◆ **Task description**
Among the entries, find each line that includes the string "Photo" and list it.

========================

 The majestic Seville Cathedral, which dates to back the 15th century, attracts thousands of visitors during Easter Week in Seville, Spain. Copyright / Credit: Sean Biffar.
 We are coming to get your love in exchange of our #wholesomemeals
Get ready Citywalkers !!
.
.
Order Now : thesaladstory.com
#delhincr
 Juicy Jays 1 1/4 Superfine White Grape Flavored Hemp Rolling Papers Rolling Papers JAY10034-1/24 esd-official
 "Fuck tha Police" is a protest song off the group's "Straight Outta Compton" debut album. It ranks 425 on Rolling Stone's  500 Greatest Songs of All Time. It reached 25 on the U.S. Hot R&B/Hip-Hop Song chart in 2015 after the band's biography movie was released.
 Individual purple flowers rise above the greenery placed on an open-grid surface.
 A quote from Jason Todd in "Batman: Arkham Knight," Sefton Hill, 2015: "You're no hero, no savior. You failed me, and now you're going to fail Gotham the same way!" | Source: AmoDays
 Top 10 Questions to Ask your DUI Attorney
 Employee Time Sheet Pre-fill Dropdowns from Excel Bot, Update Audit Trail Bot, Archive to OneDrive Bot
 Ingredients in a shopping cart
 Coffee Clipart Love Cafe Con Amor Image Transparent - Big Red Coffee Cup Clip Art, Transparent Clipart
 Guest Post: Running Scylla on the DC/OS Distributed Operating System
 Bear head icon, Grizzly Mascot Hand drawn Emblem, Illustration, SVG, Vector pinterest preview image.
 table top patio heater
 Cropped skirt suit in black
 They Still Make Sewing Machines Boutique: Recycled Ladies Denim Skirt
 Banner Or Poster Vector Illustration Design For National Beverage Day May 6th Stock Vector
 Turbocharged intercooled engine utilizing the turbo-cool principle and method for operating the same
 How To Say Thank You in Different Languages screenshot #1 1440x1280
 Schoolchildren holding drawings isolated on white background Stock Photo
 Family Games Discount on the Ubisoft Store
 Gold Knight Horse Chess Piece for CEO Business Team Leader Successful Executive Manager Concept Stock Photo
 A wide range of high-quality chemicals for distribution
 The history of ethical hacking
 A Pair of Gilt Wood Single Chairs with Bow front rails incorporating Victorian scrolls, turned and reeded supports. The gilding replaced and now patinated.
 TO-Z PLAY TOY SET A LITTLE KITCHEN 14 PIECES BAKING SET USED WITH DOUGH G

========================

◆ **Result of this exercise**
 Schoolchildren holding drawings isolated on white background Stock Photo
 Gold Knight Horse Chess Piece for CEO Business Team Leader Successful Executive Manager Concept Stock Photo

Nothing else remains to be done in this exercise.